■ Input data ■
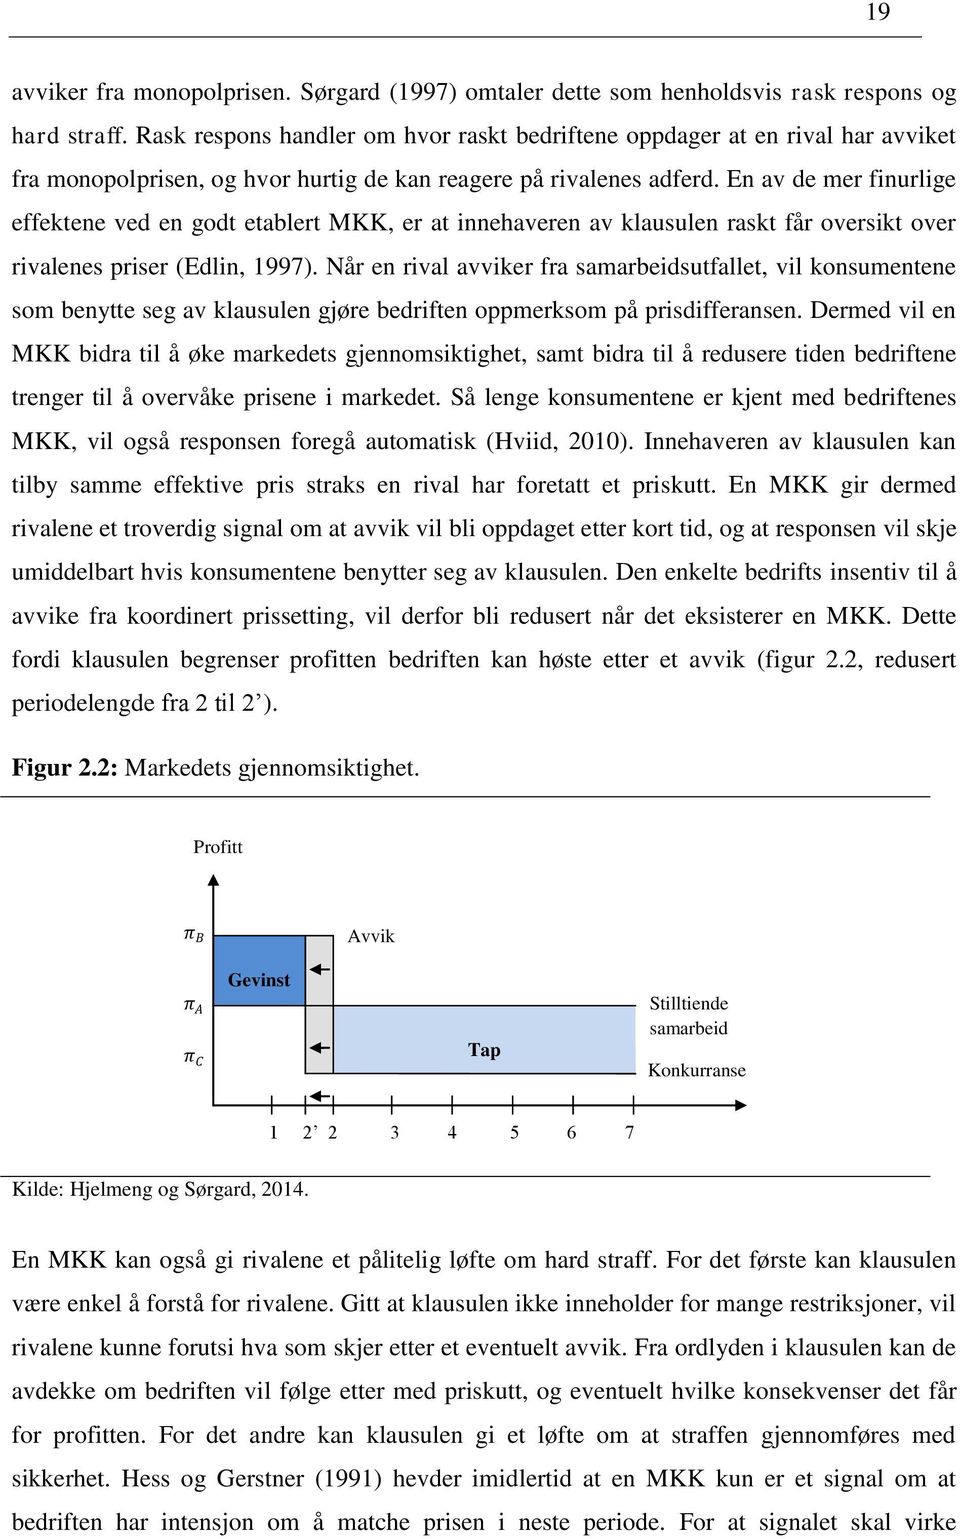 En av de mer finurlige effektene ved en godt etablert MKK, er at innehaveren av klausulen raskt får oversikt over rivalenes priser (Edlin, 1997).
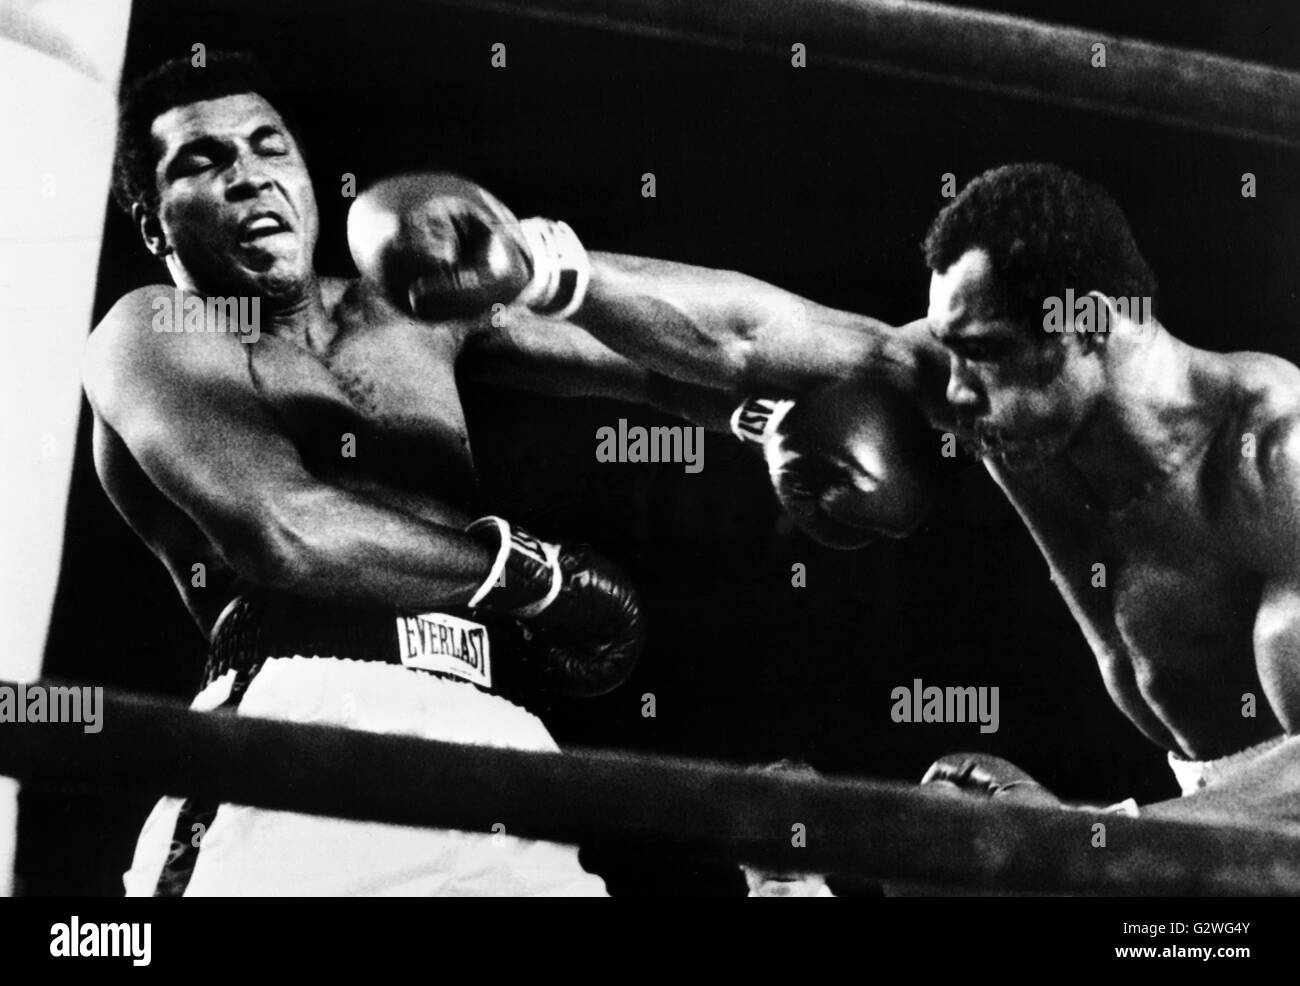 FILE - un file immagine datata 29 settembre 1976, ci mostra il boxer Muhammad Ali (L) schivando un colpo dal suo avversario Ken Norton durante il loro mondo heavyweight championship bout in New York, Stati Uniti d'America. Nato Cassio argilla, boxe leggenda Muhammad Ali, soprannominato 'il più grande, ' morì il 03 giugno 2016 a Phoenix, Arizona, Stati Uniti d'America, all'età di 74, una famiglia portavoce ha detto. Foto: UPI/dpa Foto Stock
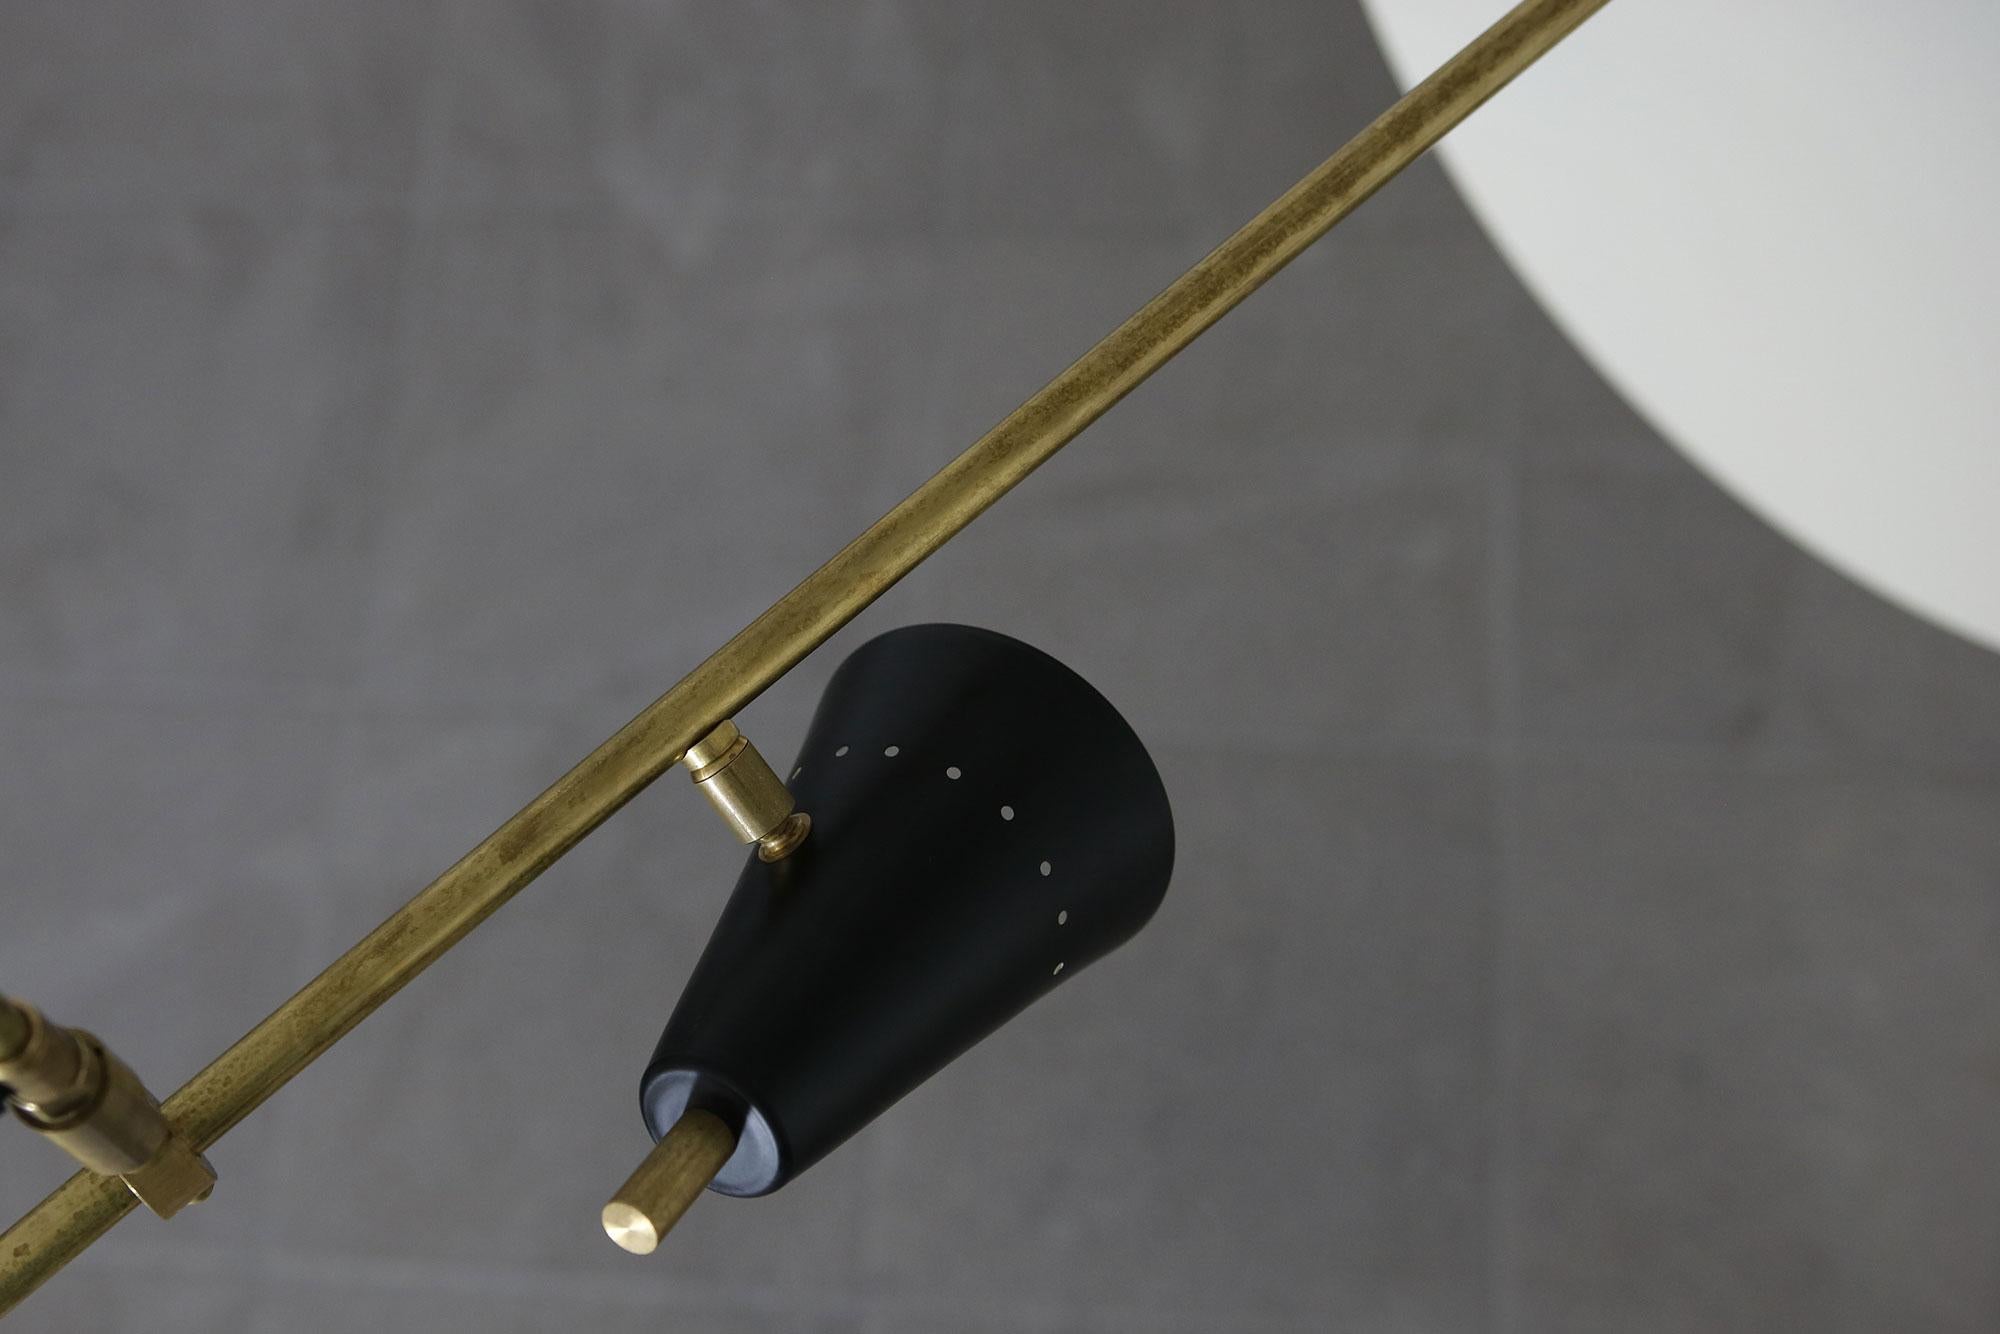 Metal Long & Adjustable Italian Modern Ceiling Lamp, Stilnovo Style Chandelier Pendant

■ Your goal ■
Restate the material above word for word, omitting the pictures.

■ Response for this exercise ■
 En av de mer finurlige effektene ved en godt etablert MKK, er at innehaveren av klausulen raskt får oversikt over rivalenes priser (Edlin, 1997).
 FILE - un file immagine datata 29 settembre 1976, ci mostra il boxer Muhammad Ali (L) schivando un colpo dal suo avversario Ken Norton durante il loro mondo heavyweight championship bout in New York, Stati Uniti d'America. Nato Cassio argilla, boxe leggenda Muhammad Ali, soprannominato 'il più grande, ' morì il 03 giugno 2016 a Phoenix, Arizona, Stati Uniti d'America, all'età di 74, una famiglia portavoce ha detto. Foto: UPI/dpa Foto Stock
 Metal Long & Adjustable Italian Modern Ceiling Lamp, Stilnovo Style Chandelier Pendant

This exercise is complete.